** Opening Stored data block **

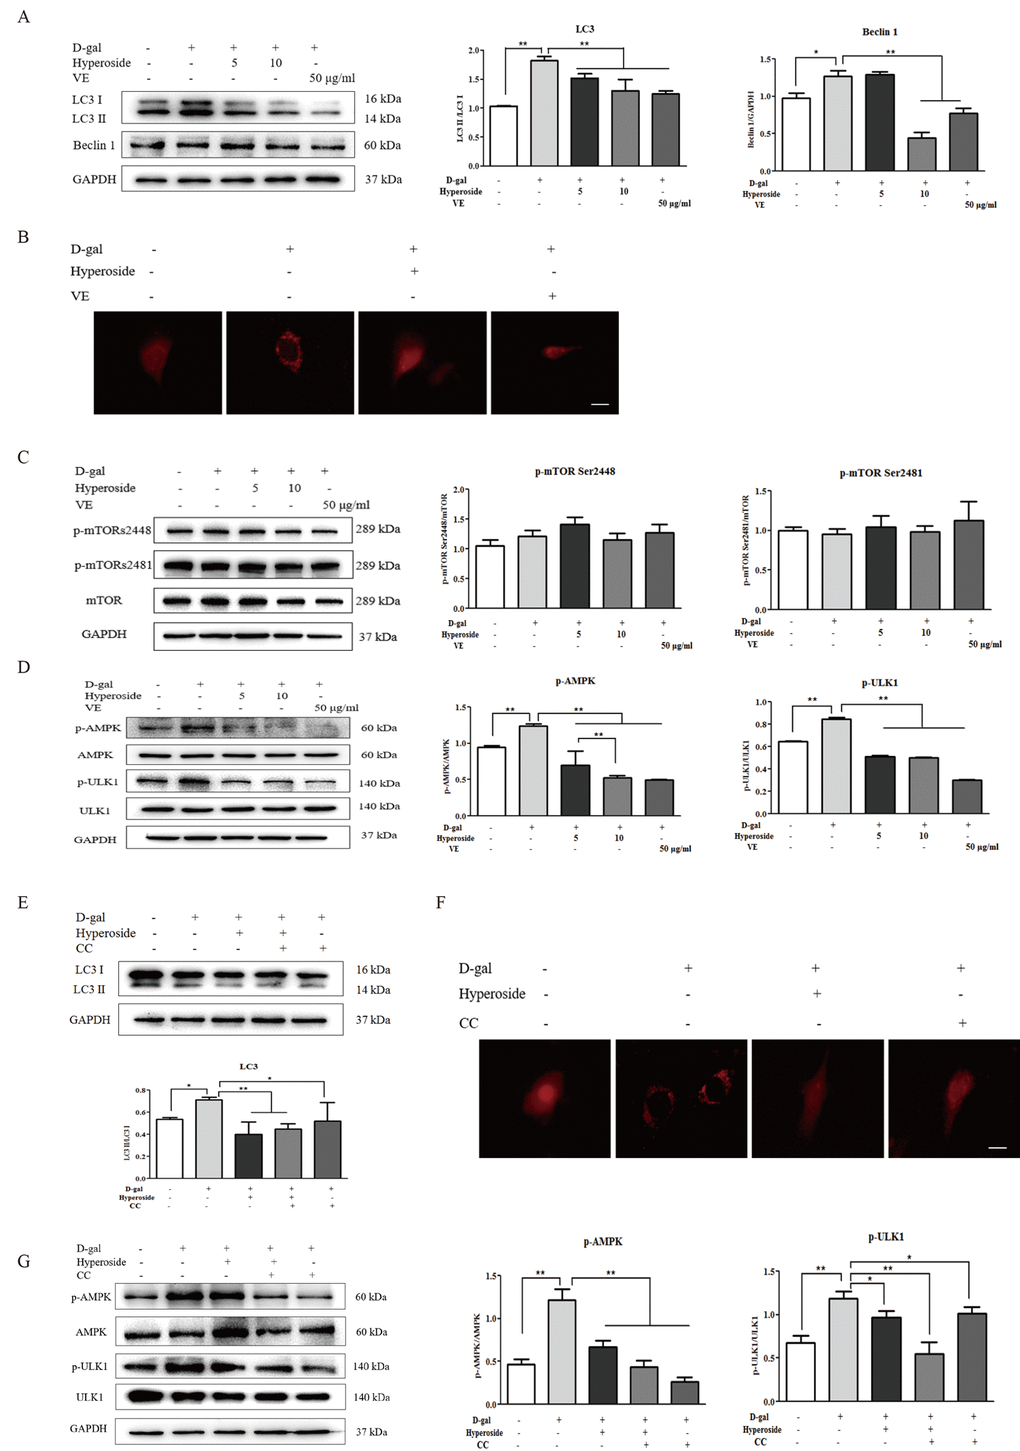 The effects of hyperoside and vitamin E on autophagic activity and the mTOR-independent and AMPK-ULK1 signaling pathways in vitro. (A) The NRK-52E cells were exposed to D-gal at 100 mM, with or without the treatment of hyperoside at 5 and 10 μg/ml or VE at 50 μg/ml for 24 hours, and subjected to a WB analysis for LC3 I/II and Beclin1. (B) The NRK-52E cells were infected with the RFP-LC3 Lentiviral Biosensor, exposed to D-gal at 100 mM with or without the treatment of hyperoside at 10 μg/ml or VE at 50 μg/ml for 24 hours and subjected to fluorescence microscopy. Scale bar = 5 μm. (C, D) The NRK-52E cells were exposed to D-gal at 100 mM with or without the treatment of hyperoside at 5 and 10 μg/ml or VE at 50 μg/ml for 24 hours, and subjected to a WB analysis for p-mTOR (Ser2448), p-mTOR (Ser2481) and mTOR (C1), as well as p-AMPK, AMPK, p-ULK1 and ULK1. (E) The NRK-52E cells were exposed to D-gal at 100 mM with or without the treatment of hyperoside at 10 μg/ml and CC at 10 μM for 24 hours, and subjected to a WB analysis for LC3 I/II. (F) The NRK-52E cells were infected with the RFP-LC3 Lentiviral Biosensor, exposed to D-gal at 100 mM with or without the treatment of hyperoside at 10 μg/ml and CC at 10 μM for 24 hours and subjected to fluorescence microscopy. Scale bar = 5 μm. (G) The NRK-52E cells were exposed to D-gal at 100 mM with or without the treatment of hyperoside at 10 μg/ml and CC at 10 μM for 24 hours, and subjected to a WB analysis for p-AMPK, AMPK, p-ULK1 and ULK1. The data are expressed as the mean ± SD, (n=3), *P **P 
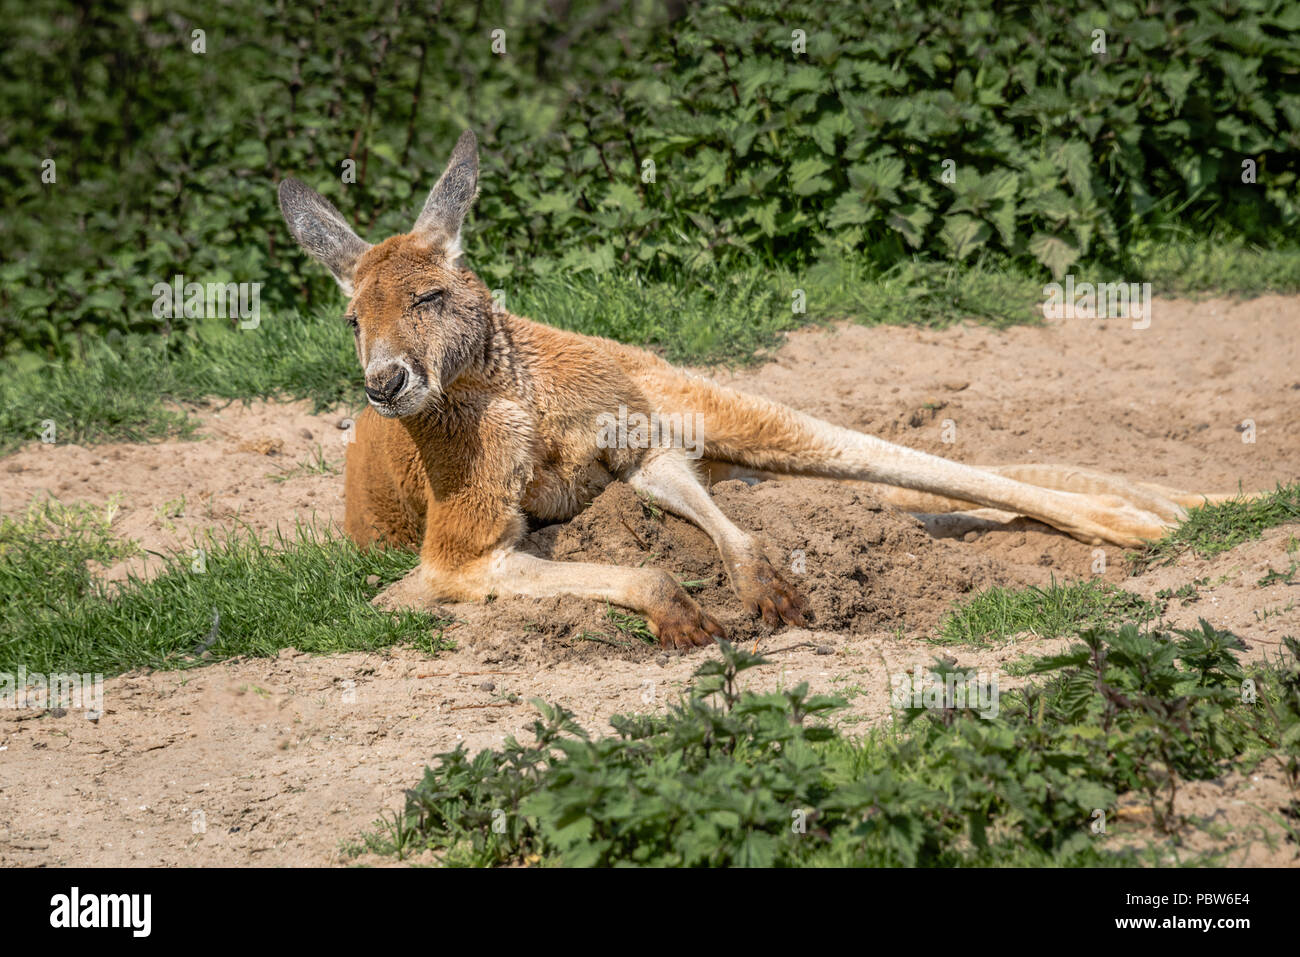 A full length photograph of a red kangaroo lying in the sunshine. It has its eyes shut and is spread out in a relaxing pose on sand with foliage in th Stock Photo
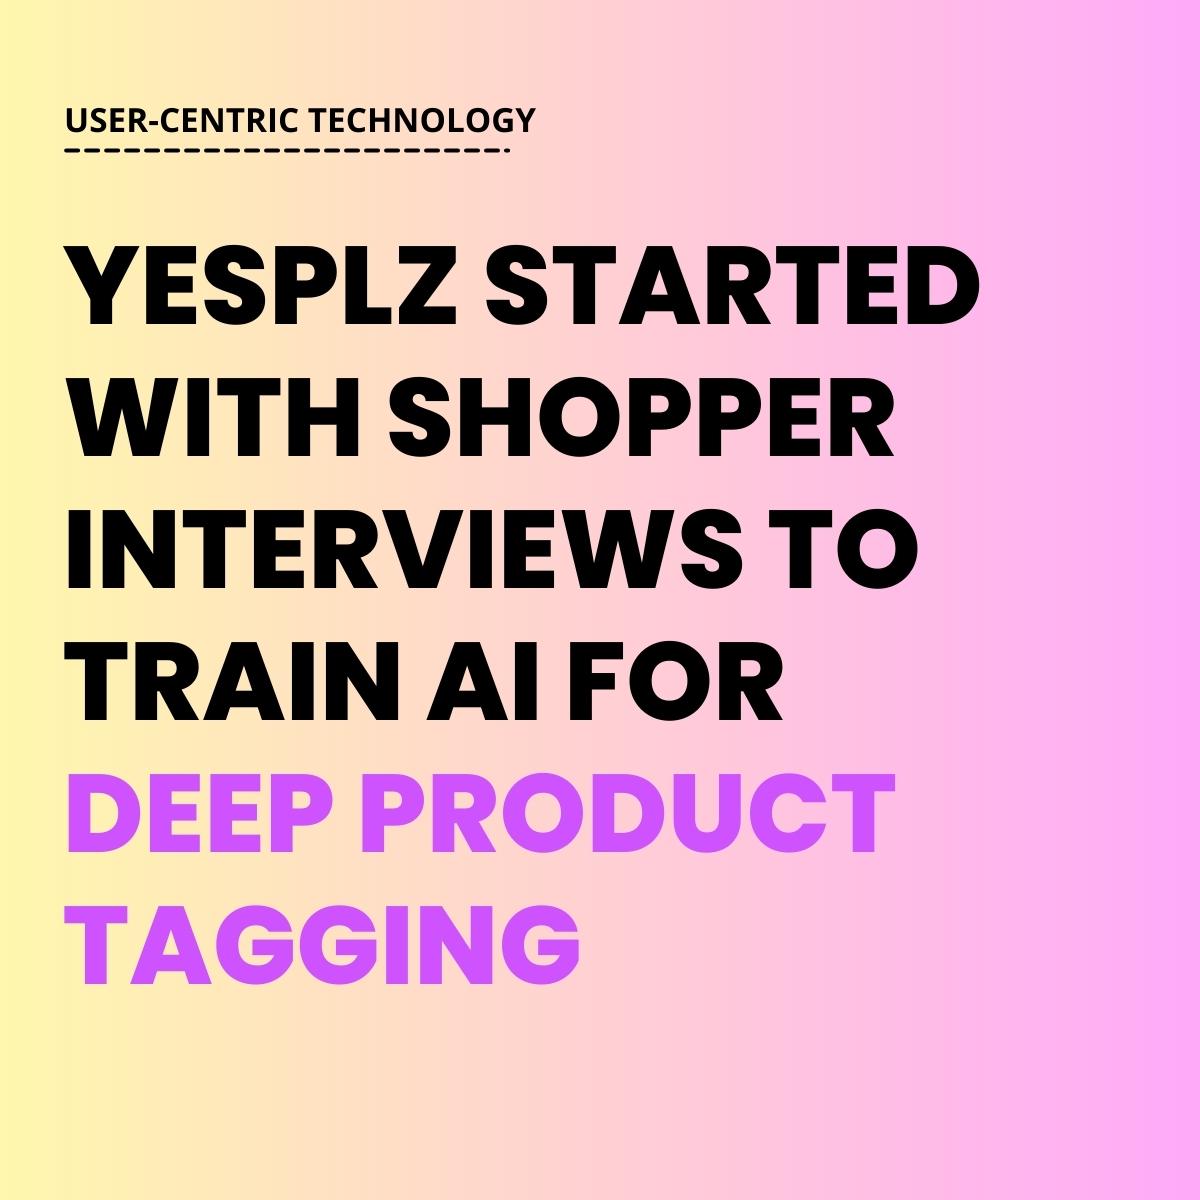 A gradient image with text about YesPlz shopper interviews
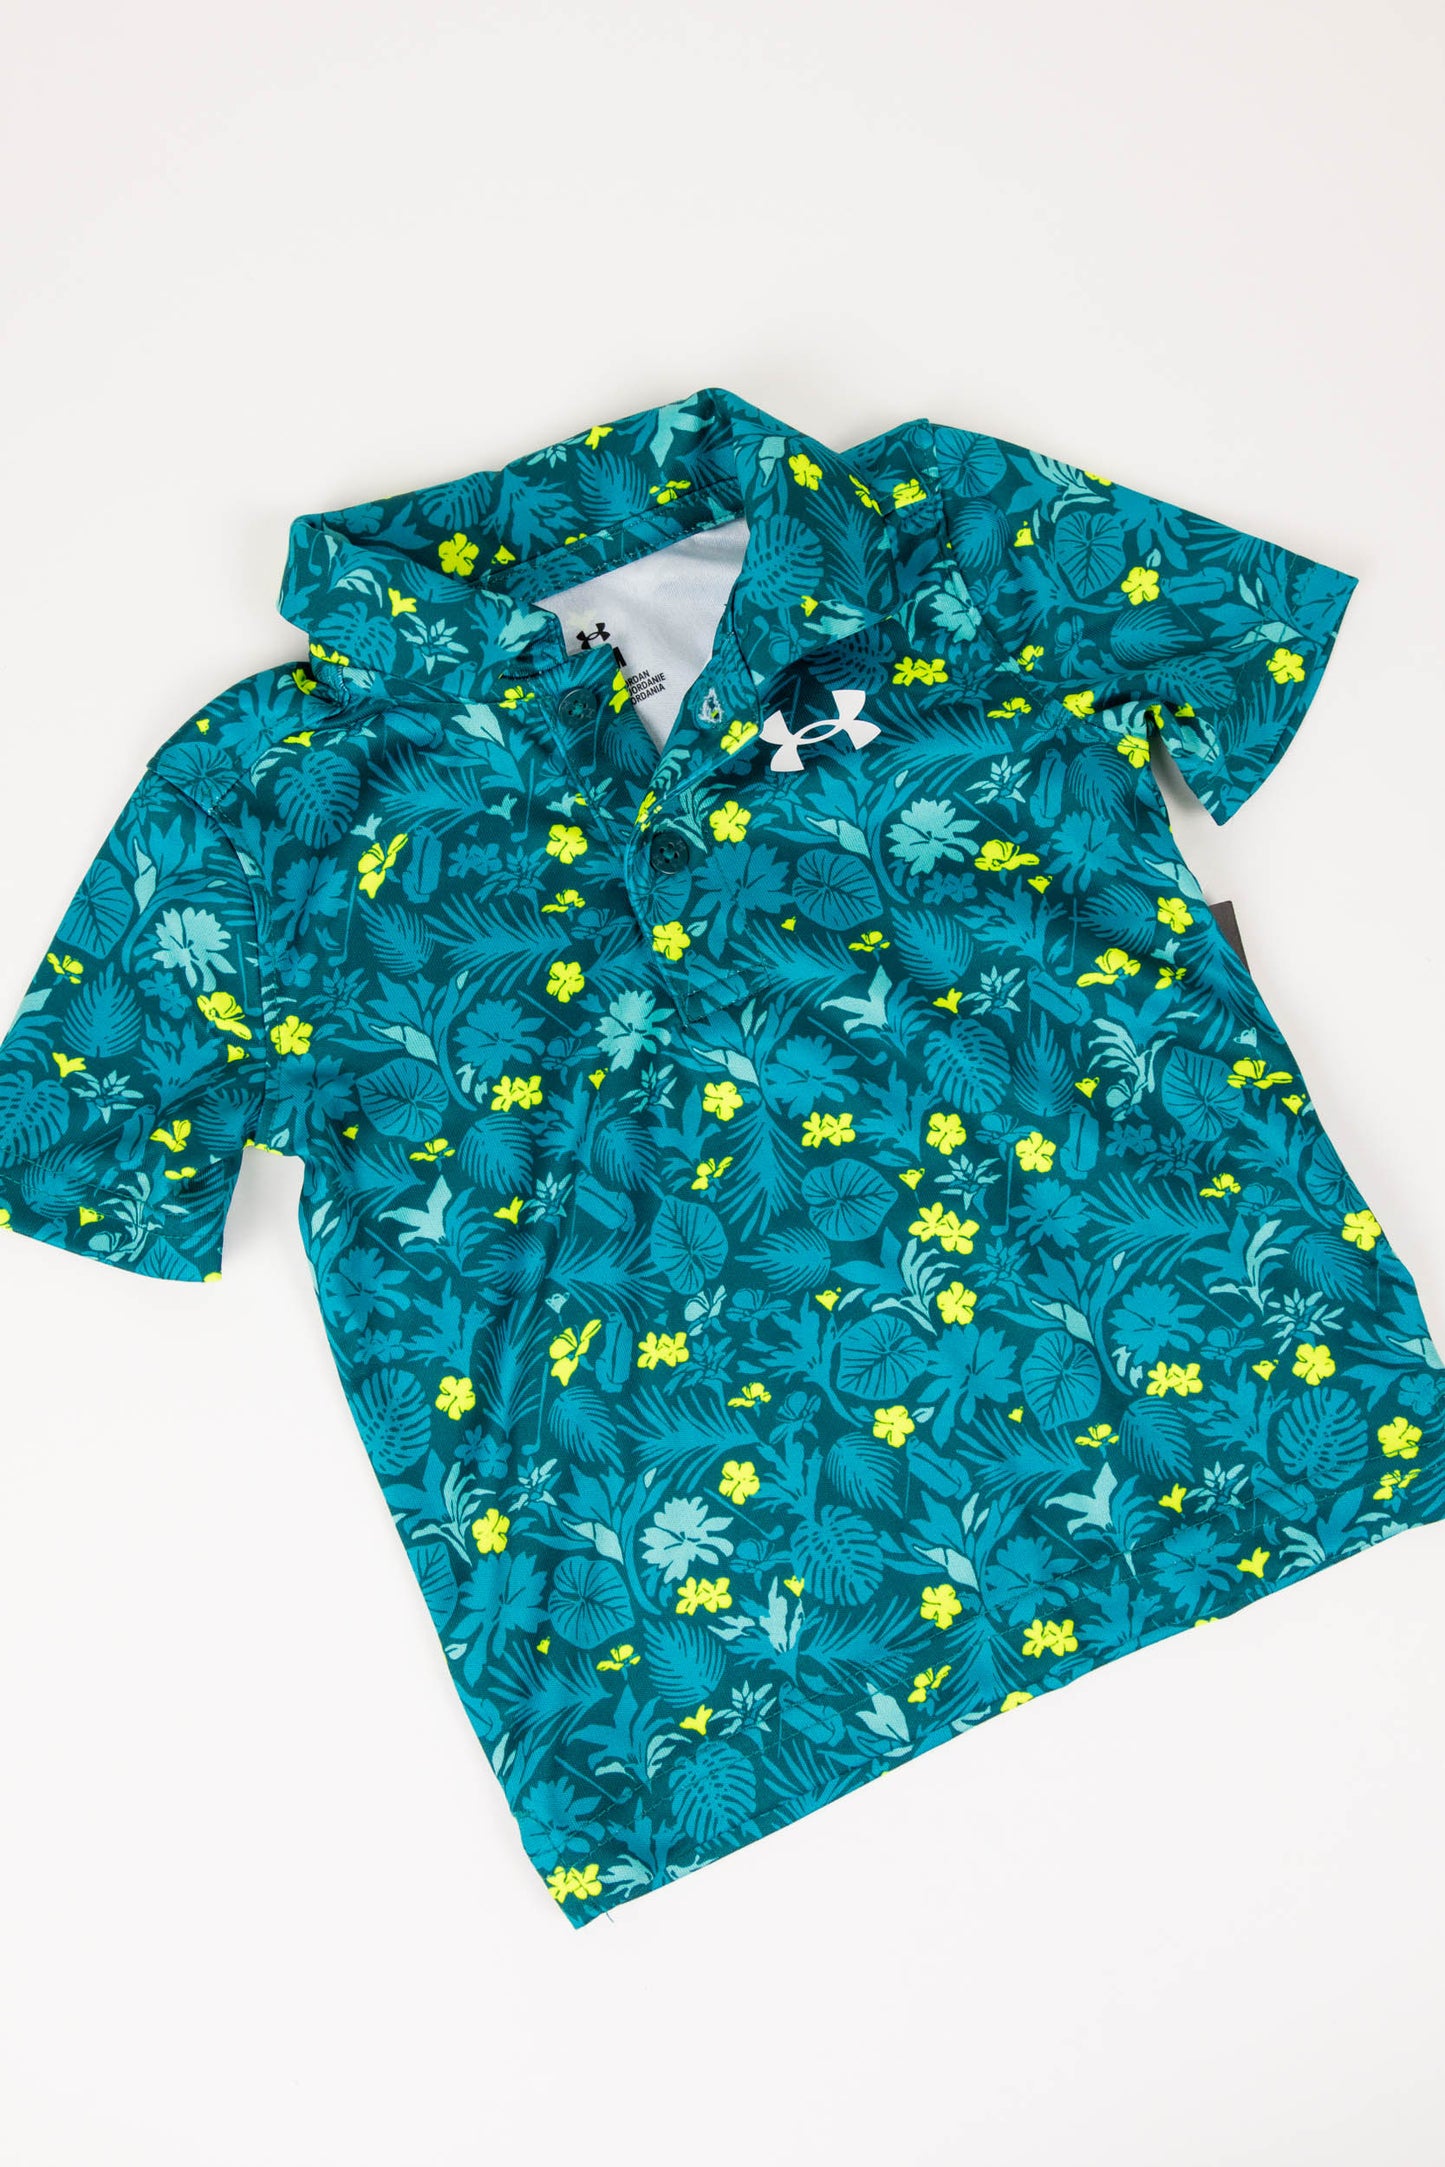 Under Armour Printed Polo | Hydro Teal

** Closing Stored data block **

■ Task description
Word for word, reproduce the material above and omit each image.

■ Output for this exercise
 The effects of hyperoside and vitamin E on autophagic activity and the mTOR-independent and AMPK-ULK1 signaling pathways in vitro. (A) The NRK-52E cells were exposed to D-gal at 100 mM, with or without the treatment of hyperoside at 5 and 10 μg/ml or VE at 50 μg/ml for 24 hours, and subjected to a WB analysis for LC3 I/II and Beclin1. (B) The NRK-52E cells were infected with the RFP-LC3 Lentiviral Biosensor, exposed to D-gal at 100 mM with or without the treatment of hyperoside at 10 μg/ml or VE at 50 μg/ml for 24 hours and subjected to fluorescence microscopy. Scale bar = 5 μm. (C, D) The NRK-52E cells were exposed to D-gal at 100 mM with or without the treatment of hyperoside at 5 and 10 μg/ml or VE at 50 μg/ml for 24 hours, and subjected to a WB analysis for p-mTOR (Ser2448), p-mTOR (Ser2481) and mTOR (C1), as well as p-AMPK, AMPK, p-ULK1 and ULK1. (E) The NRK-52E cells were exposed to D-gal at 100 mM with or without the treatment of hyperoside at 10 μg/ml and CC at 10 μM for 24 hours, and subjected to a WB analysis for LC3 I/II. (F) The NRK-52E cells were infected with the RFP-LC3 Lentiviral Biosensor, exposed to D-gal at 100 mM with or without the treatment of hyperoside at 10 μg/ml and CC at 10 μM for 24 hours and subjected to fluorescence microscopy. Scale bar = 5 μm. (G) The NRK-52E cells were exposed to D-gal at 100 mM with or without the treatment of hyperoside at 10 μg/ml and CC at 10 μM for 24 hours, and subjected to a WB analysis for p-AMPK, AMPK, p-ULK1 and ULK1. The data are expressed as the mean ± SD, (n=3), *P **P 
 A full length photograph of a red kangaroo lying in the sunshine. It has its eyes shut and is spread out in a relaxing pose on sand with foliage in th Stock Photo
 A gradient image with text about YesPlz shopper interviews
 Under Armour Printed Polo | Hydro Teal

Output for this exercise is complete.